As a last example, LSA has been combined with Multidimensional Scaling (MDS) and Principal Component Analysis (PCA) to successfully perform categorization tasks. This has lead to impressive and very interesting results (Louwerse, 2011). For example, Louwerse and Zwaan (2009) applied an MDS to a matrix containing the pairwise LSA similarities for US city names to obtain a two-dimensional solution. These authors were able to show that the MDS coordinates of the cities correlated with the actual geographical position of those cities. It has also been shown (Laham, 1997; Louwerse, 2011; Jones & Mewhort, 2007) that combining MDS or PCA with semantic space similarities allows to categorize words semantically.

Software implementing vector semantic models

A very useful package with a huge variety of algorithms for creating semantic spaces (amongst which LSA, HAL and BEAGLE are only some) from corpora is the S-Space package (Jurgens & Stevens, 2010), which is written in Java. This package even allows the user to implement his or her own algorithms to create semantic spaces. Furthermore, it includes functions to compute word similarities such as cosine similarities, and to access the neighbors of words. The Semantic Vectors package (Widdows & Ferraro, 2008; Widdows & Cohen, 2010), which is also designed for creating semantic spaces from corpora and written in Java, primarily uses Random Projection to build semantic spaces (Bingham & Mannila, 2001; Kanerva, 1988), but also implements the LSA algorithm. This package also allows includes functions for neighborhood computations and basic similarity computations.

The toolkit DISSECT (Dinu, Pham, & Baroni, 2013) is written in Python and allows users to build semantic spaces with a special focus on compositional semantics (i.e. the meaning of phrases and sentences as well as words). However, in order to build a semantic space, this toolkit already needs co-occurrence matrices, not just text corpora. It also includes functions for similarity and neighborhood computations, as well as a wide range of composition methods. Also written in Python is the gensim software framework (Řehu̇řek & Sojka, 2010), which has an emphasis on scalability and is specialized in processing very large corpora. This framework also comes with an LSA implementation, amongst other algorithms. It further provides functions for similarity computations, including similarities between documents.

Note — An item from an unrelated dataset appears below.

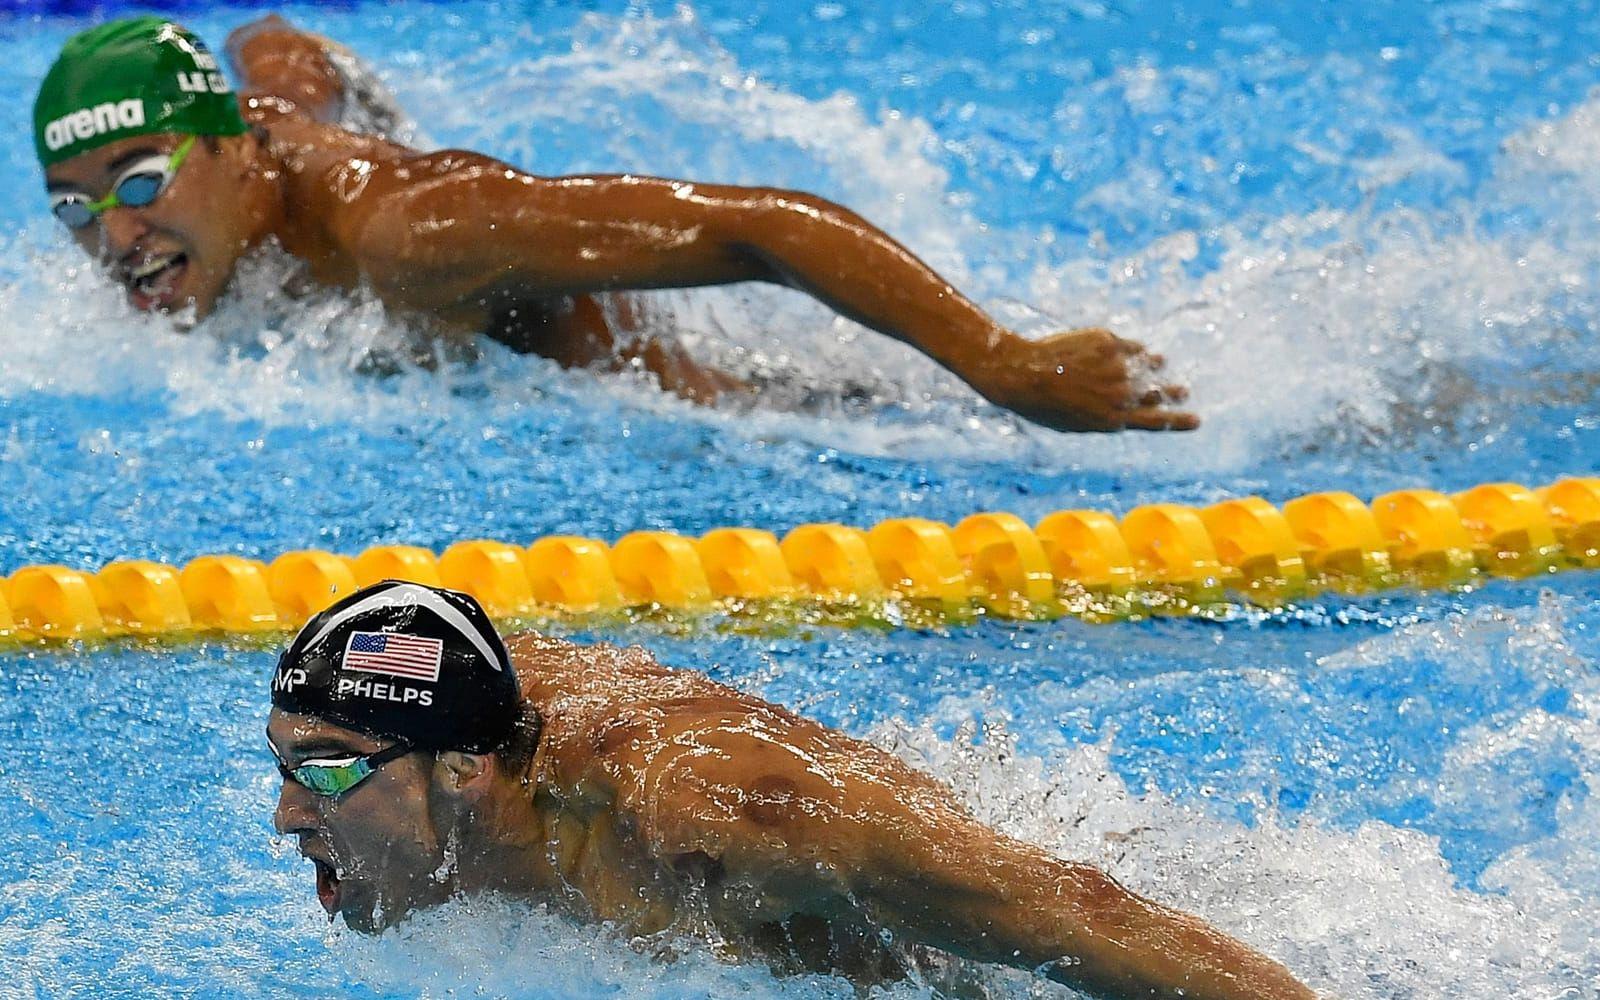 Le Clos slagen av Phelps i 200 meter fjäril. Foto: TT

In R, the package lsa (Wild, 2011) can be used to create semantic spaces spaces based on the LSA algorithm. This package also includes basic functionalities for similarity and neighborhood computations.

Another software implementing Vector Semantic Models is the package Word-2-Word (Kievit-Kylar & Jones, 2012). The focus of this package especially lies on visualizing word similarity structures (as can be obtained from semantic spaces). It also comes with implementations of different algorithms to create semantic spaces (such as LSA, HAL and BEAGLE) that can then be visually explored.

Outlines for this package

The R package LSAfun presented here allows for various computations based on LSA. Its functionality will be explained and demonstrated in the remainder of this article. LSAfun is not designed for actually creating LSA spaces, because this is already established in R by means of the package lsa (Wild, 2011), as well as in the software mentioned above. However, LSA spaces that were created using the lsa package (or other software) can be used and investigated by the functions delivered with LSAfun. Thus, LSAfun allows a user to work with his own as well as pre-created LSA spaces available from a repository, and provides a range of useful higher-level functions. There are at least four advantages LSAfun adds to the existing software for semantic spaces:

First, LSAfun combines and extends the high-level functions provided by the existing software. For instance, all of the software implementations described above implement neighborhood computations and allow for simple similarity computations. However, as will be shown in this article, LSAfun includes a collection of additional functions (such as MDS for word lists, neighborhood plots, automatic summaries, a function for solving multiple choice tests and composition methods) that are only partially included in the existing software. Furthermore, it can serve as an interface between the different existing software applications: For example, composition methods (as implemented in DISSECT) can be applied to LSA spaces built with the S-Space package, which does not include those functions. In this case, LSAfun additionally implements the composition model by Kintsch (2001), which is not part of the DISSECT toolkit.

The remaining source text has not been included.